Australia retains renewable energy target21. March 2013 | Markets & Trends, Financial & Legal Affairs | By: Jonathan Gifford
Despite efforts by some Australian utility companies and industry groups to see Australia’s Renewable Energy Targets (RET) wound back, the government has decided to maintain them. Utilities are having an impact elsewhere, with fixed electricity prices set to increase to ensure solar households pay "their share" of electricity infrastructure costs.
Energy policy in Australia has been an increasingly controversial topic of late, with rising electricity costs driving debate. In the face of a campaign to see the fixed target of 41,000 GWh of renewable energy to be added to the country’s electricity grids by 2020 watered down, the Australian Federal Government stood firm this week, and endorsed the Climate Change Authority’s recommendation that it be maintained.
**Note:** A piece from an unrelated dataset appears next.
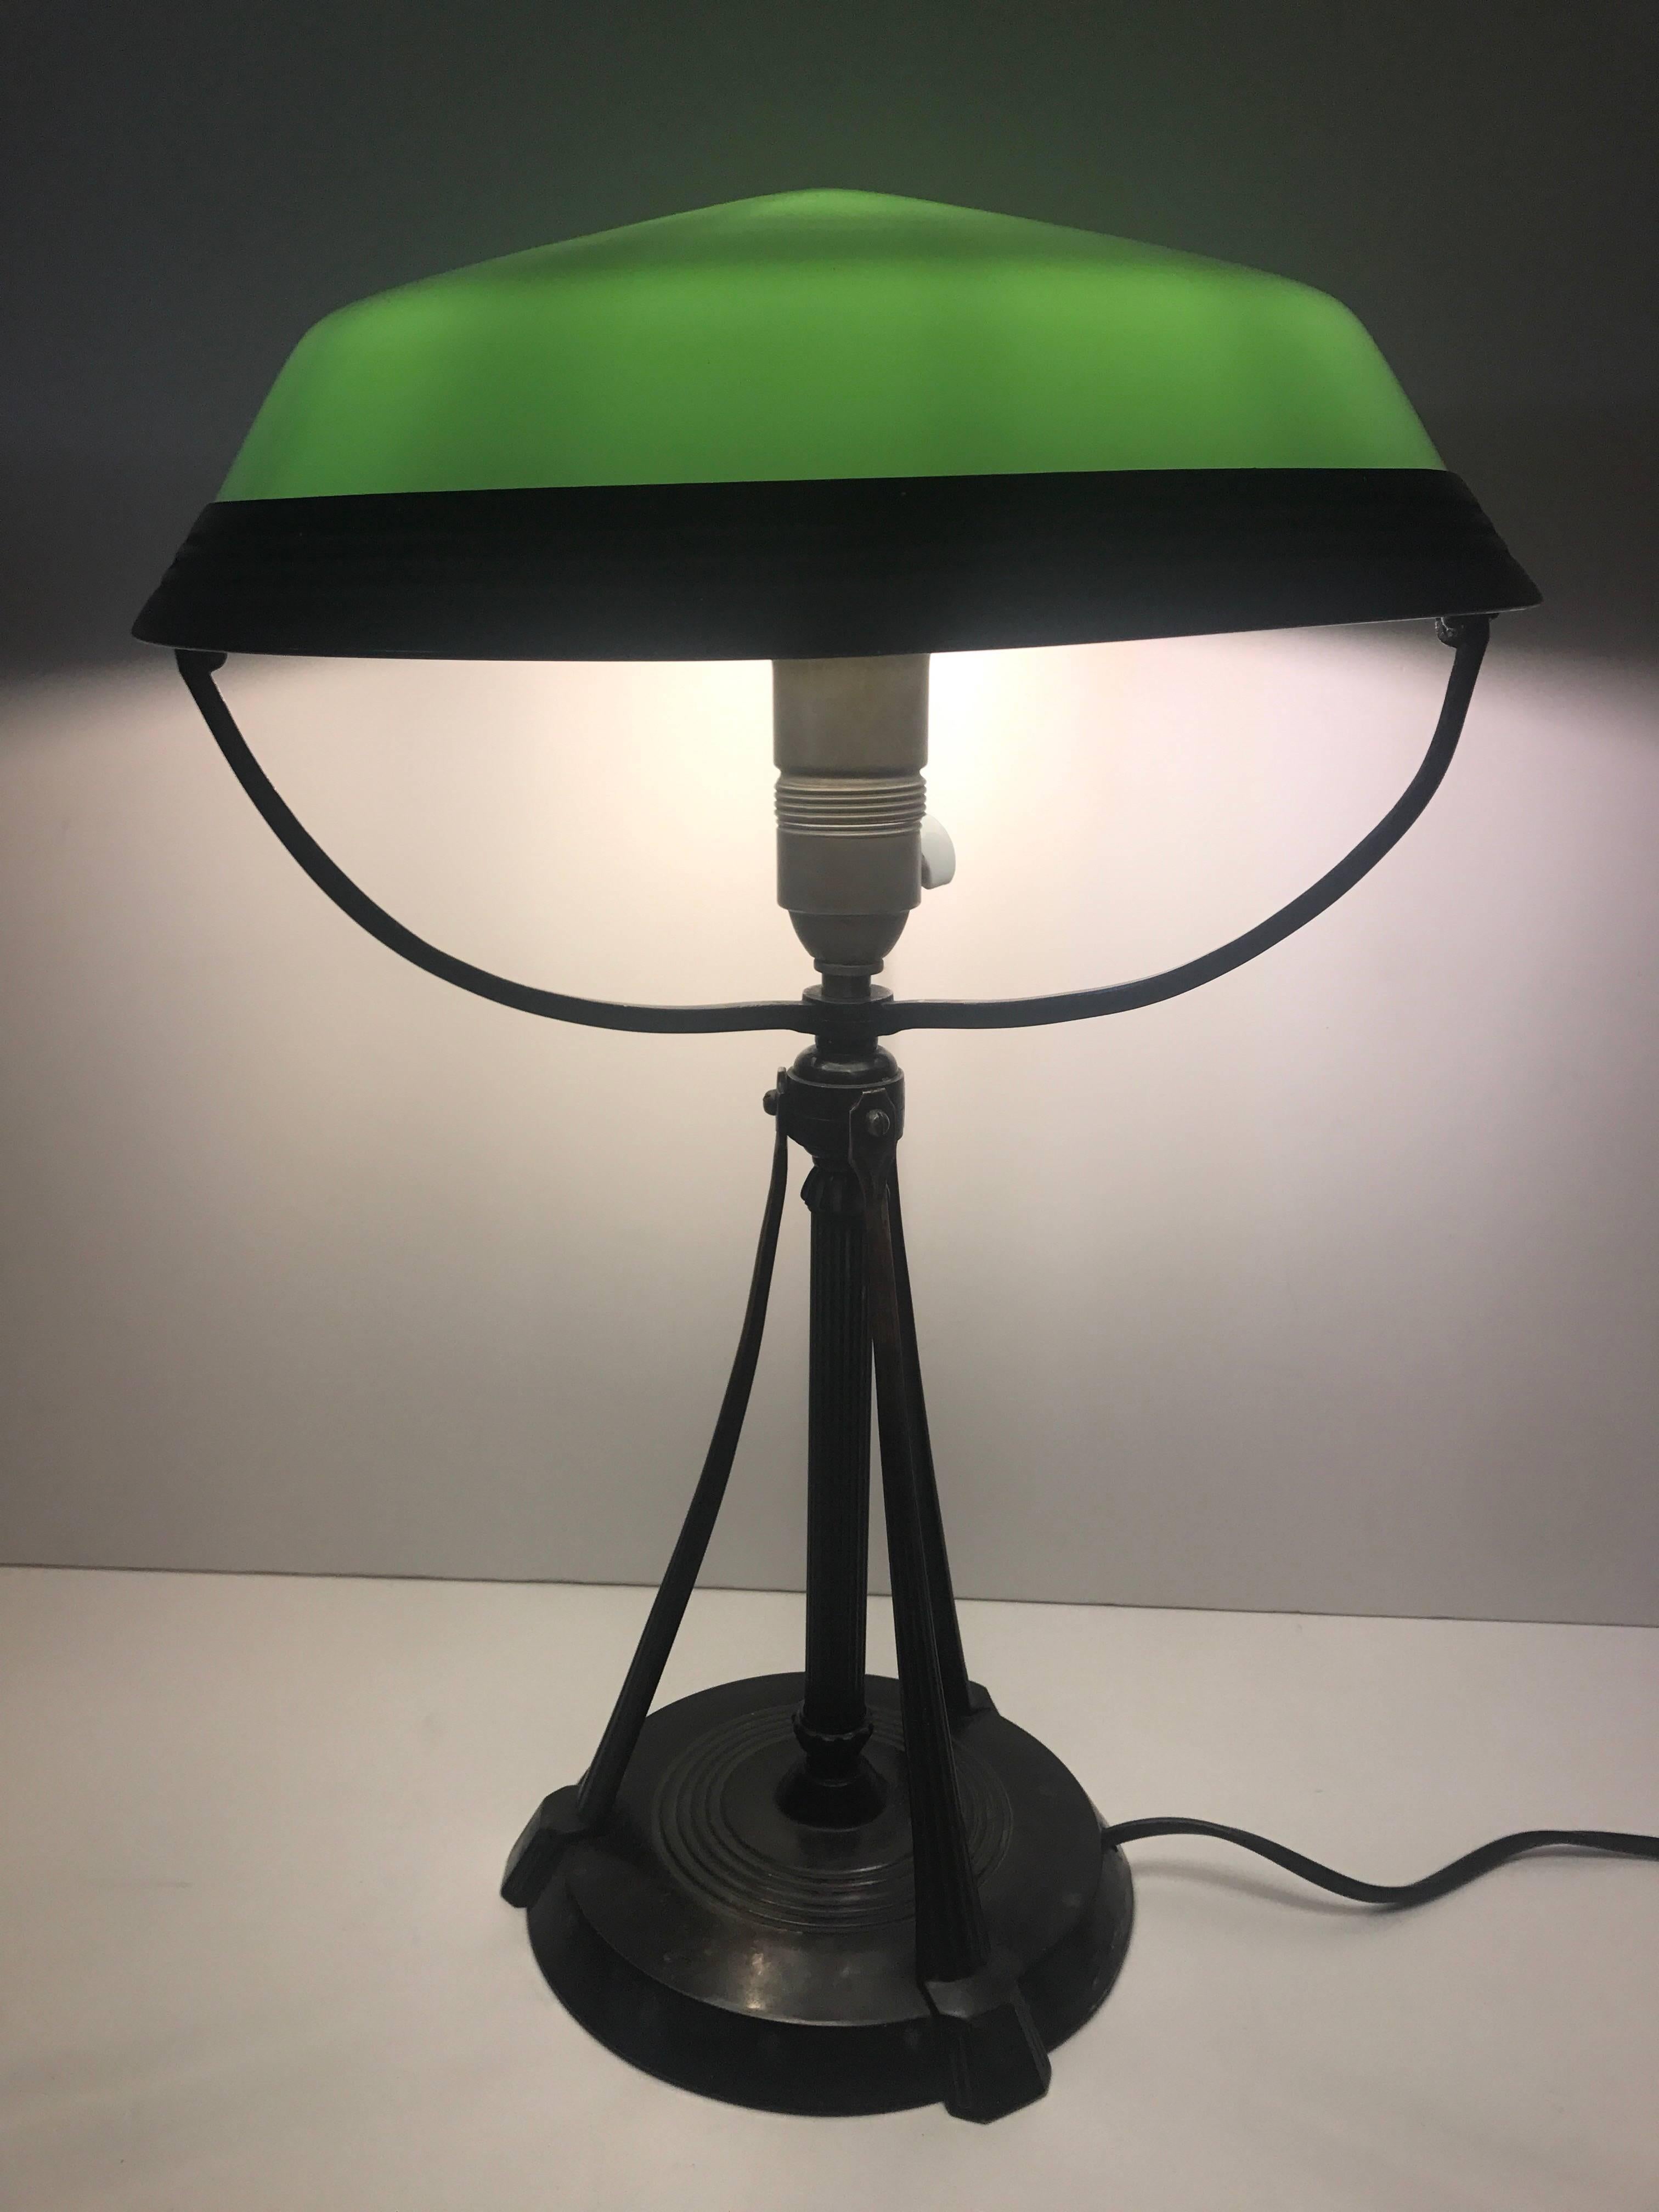 Swedish Art Deco Table Lamp Glass and Bronzepatinated Metal.
A very beautiful and large table lamp, most likely Swedish made of blown glass and speller that has been patinated to look like bronze. The lamp is in a very nice condition and all the

In announcing the decision, Climate Change Minister Greg Combet accused the Opposition of being "all over the place" in terms of renewable energy. "This is a Government very committed to renewable energy," Combet told reporters. "We are going to remain committed to it and it is in stark contrast to the Opposition."
Arguments to dilute the RET was based on the fact that electricity demand in Australia is falling, due to a number of factors including high and rising electricity prices, the installation of around 2 GW of photovoltaics and enhanced insulation and energy efficiency.
While this decision could be seen as being a win for renewable energy and photovoltaics in Australia, elsewhere in the country state government measures are looking to restructure electricity costs, at the bidding of utilities. In Western Australia, local media has reported that the recently re-elected State Government is considering increasing fixed charges for all households, to compensate for falling revenues from variable charges. These revenues are falling as more households add photovoltaic systems.
Late last year, the head of utility Western Power Paul Italiano had said that households with solar panels are able to avoid paying "their share" of infrastructure costs, due to reducing their electricity usage and therefore bills.
The Sustainable Energy Association’s Kirsten Rose told pv magazine that she understands the utility head’s concerns that solar households should contribute to upkeep the 'poles and wires.' "It's also important to recognize the real benefit to the grid that solar PV has delivered, which has been widely acknowledged, in the form of a reduction in peak demand and therefore spot pricing," added Rose.
The sustainable business chamber head continued that all tariffs should be reviewed as electricity markets transition to becoming more "contestable," with electricity customers increasingly becoming producers. "We also believe that it's reasonable to look at what a fair fixed charge is to all customers, but in the context of looking at all the charges to customers, including lower-income customers who are less likely to have solar panels."
With high electricity prices and abundant sunshine, residential grid parity has arrived in Australia and households are taking up solar in large numbers. Last month, Bloomberg New Energy Finance went one step further and predicted that large scale photovoltaics will be cheaper than coal and gas power plants, at the generation level, by 2020.